I am starting learning complex analysis by myself. Here is the question I am trying to solve and its solution:
But I do not understand why the antiderivative contains 2? and why we require the condition that "any simple closed curve does not pass through the origin" ?

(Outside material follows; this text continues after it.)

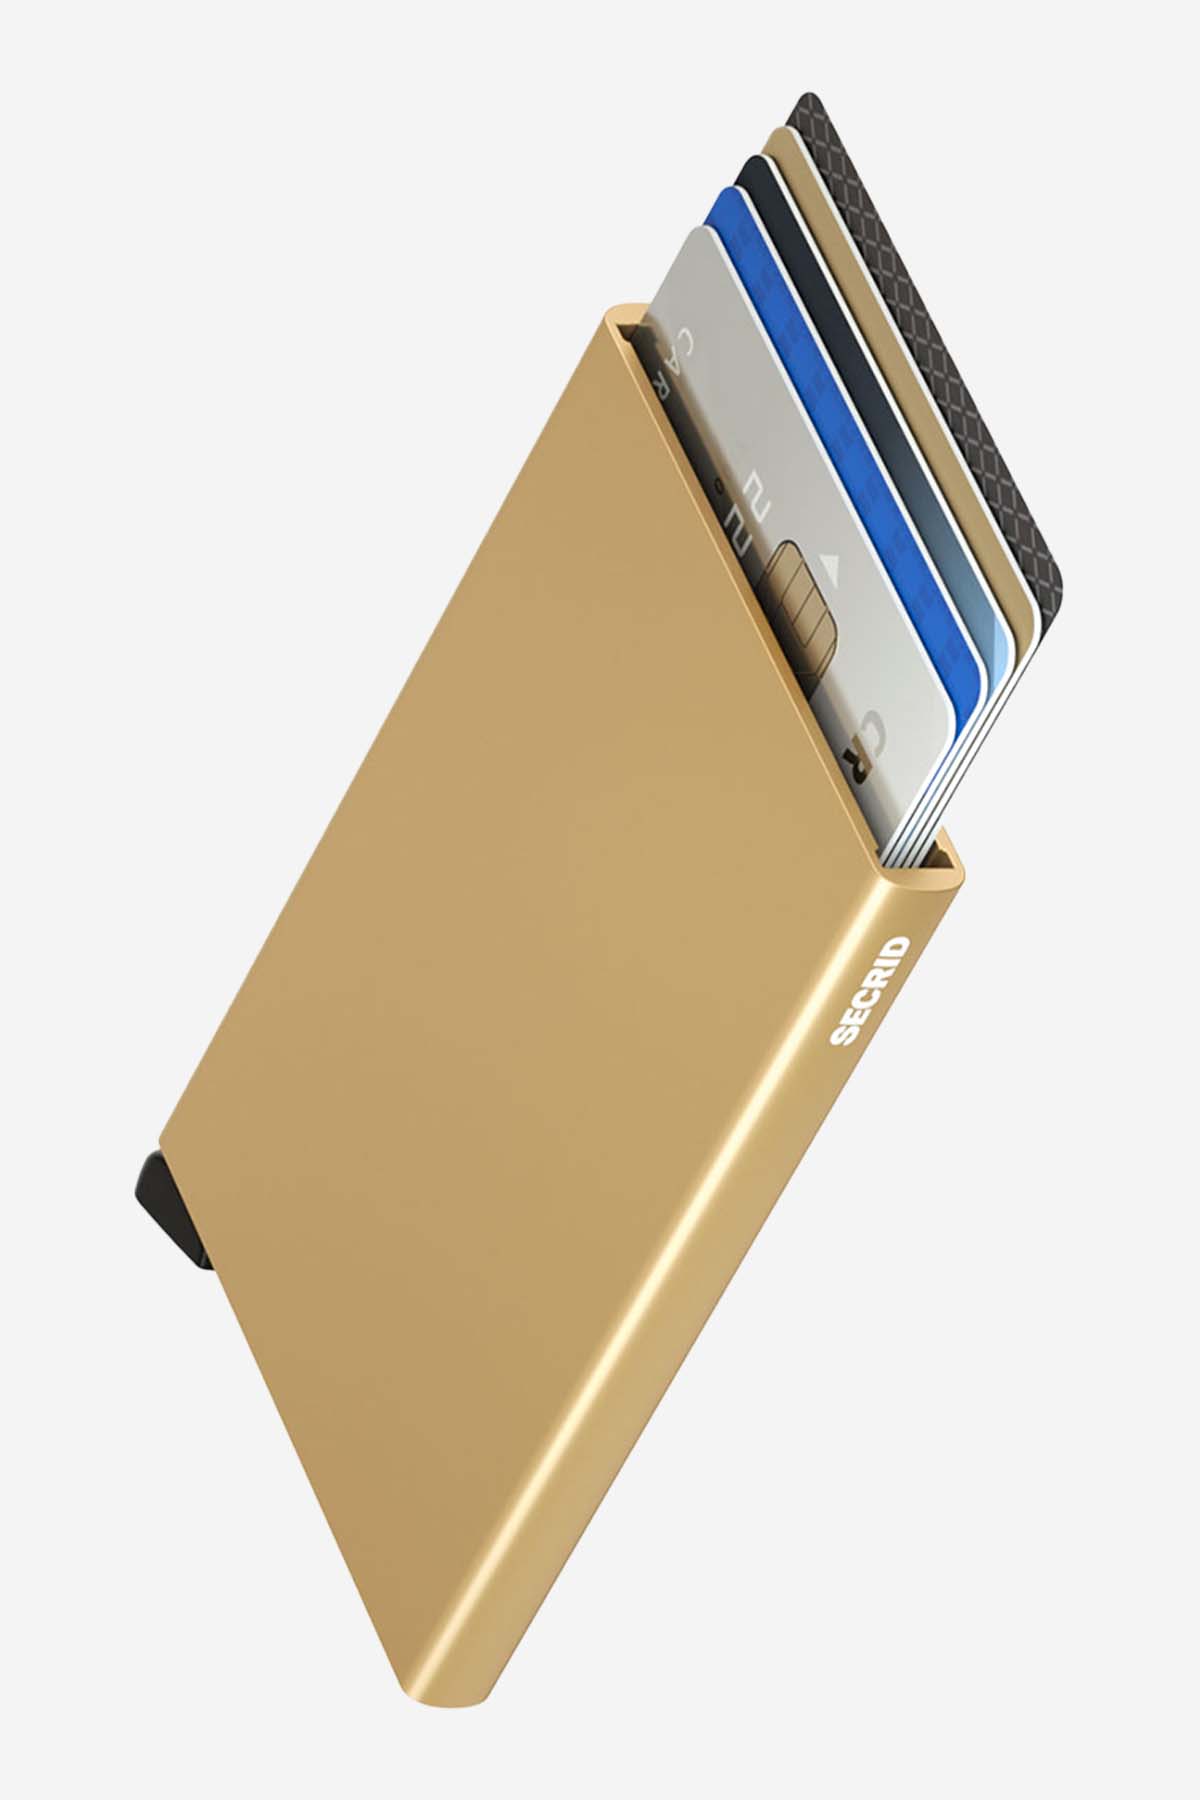 Cardprotector Gold

Could someone explain this to me please?
The $2$ is a mistake: the antiderivative is just $-1/z$. The curve should not pass through the origin because $z=0$ is a singularity of $1/z^k$.
EDIT: Here is my solution to the question.
$$(z-w)^{2m} = \sum_{j=0}^{2m} {2m \choose j} z^j (-w)^{2m-j} $$ so by the Residue Theorem, if $C$ is a positively-oriented circle about the origin, and $2m \ge n-1$, $$ \eqalign{0 &= \frac{1}{2\pi i}\oint_C f(z) (z-w)^{2m} \; dz = \sum_{k=1}^n \frac{c_k}{2\pi i}\oint_C z^{-k} (z-w)^{2m} \; dz\cr &= \sum_{k=1}^n c_k {2m \choose k-1} (-w)^{2m-k+1}} $$ This is a polynomial in $w$ that is identically $0$, so its coefficients are all identically $0$, i.e. all $c_k = 0$.